Glück auf dem Opferaltar der Liebe?
@*********asure
Das drückt auch mein Empfinden aus bezüglich der Beschwerung des Begriffs Liebe.
Ich find's schlimm, wenn "ich liebe dich" dasselbe bedeutet wie "ich gehe gerne bei einer großen us-amerikanischen Imbisskette essen".
Naja, das tut es normalerweise aber nicht. "Love" heißt im Englischen eben auch "Grüße", es war von vornherein frei von teutonischer Schwere. Wir hier meinen damit schon ein tieferes Gefühl, man wird selten Leute treffen, die Liebe als etwas in sich Flatterhaftes begreifen, denke ich. Trotz Burgerkette.
Und sicher geht das mit einem Wertewandel einher. Zusammenhalt, Gemeinschaft ist weniger wichtig als Selbstverwirklichung, individuelles Vorwärtskommen.
Ich sehe es etwas anders. Zusammenhalt und Gemeinschaft ist ein zweischneidiges Instrument. Zum einen ist es Stärke in der Not.

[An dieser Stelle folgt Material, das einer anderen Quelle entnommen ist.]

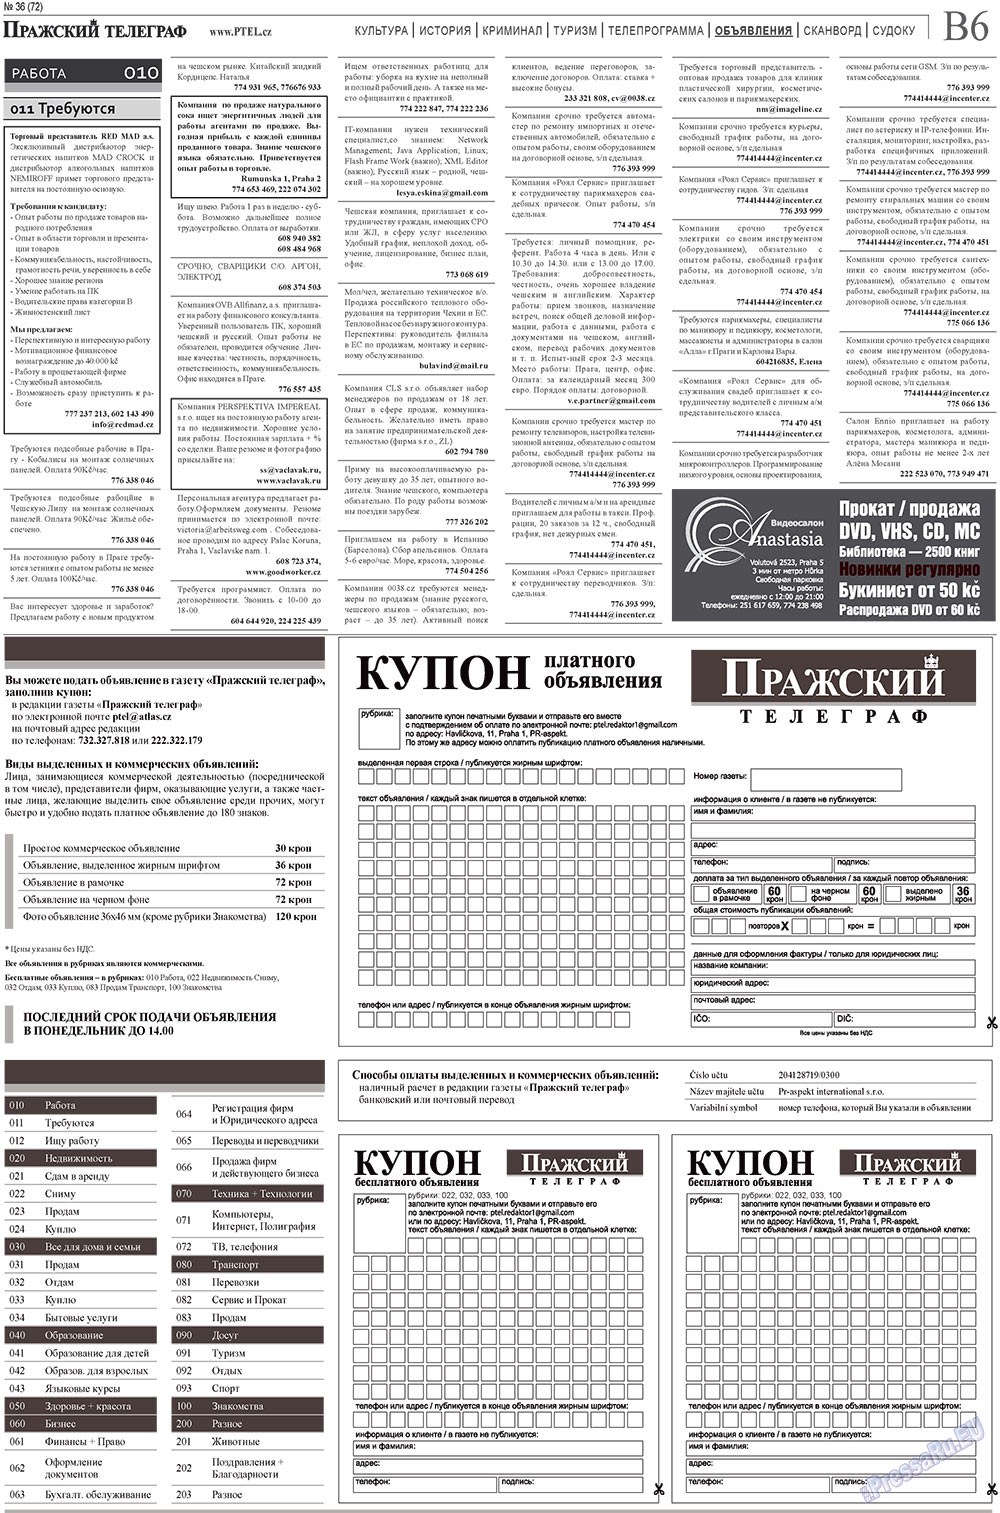 Пражский телеграф, газета. 2010 №36 стр.14

Zum anderen missbrauchter Wert in Deutschlands diktatorischem Regime vor 1945. Zusammenhalt und Gemeinschaft sind nicht
nur ein leuchtend guter Wert, sie sind auch Werkzeug im Krieg gegen "Andere". Ein Volk voller individualistischer Selbstverwirklicher hätte sich nicht derartig einspannen lassen, vermute ich.
Warum eigentlich soll Zusammenhalt und Gemeinschaft über dem individuellen Wohl stehen? Gibt es eine verbindliche Werteskala oder einen plausiblen Grund dafür? Ich halte Zusammenhalt und Individualismus schlicht für zwei unterschiedliche Strategien, die in unterschiedlichen Situationen ihren Wert beweisen. In der Not oder bei Großprojekten bringt es der Zusammenhalt, in guten Zeiten gilt die Konzentration der Verantwortung für sich selbst.
Der gegenwärtige Individualismus ist für mich ein Zeichen von Wohlstand und Zuversicht. Es ist gut, wenn jeder sein eigener Schutzengel ist. Und sich nicht zum Schutzengel seines Nächsten aufschwingt.
Wenn der andere einen am individuellen Glück hindert oder zu hindern scheint, dann wird die Gemeinschaft eben aufgelöst, man geht getrennte Wege.
Wäre es besser, wenn das individuelle Glück für den zähen Erhalt einer Gemeinschaft geopfert würde? Und wofür wäre es gut? Und: Was wäre daran Liebe, wenn in einer Beziehung einer von beiden auf Erhalt der Gemeinschaft besteht, selbst wenn das individuelle Glück des "geliebten" Menschen darunter leidet (selbst wenn dieser sein Leid so "nur" empfindet)?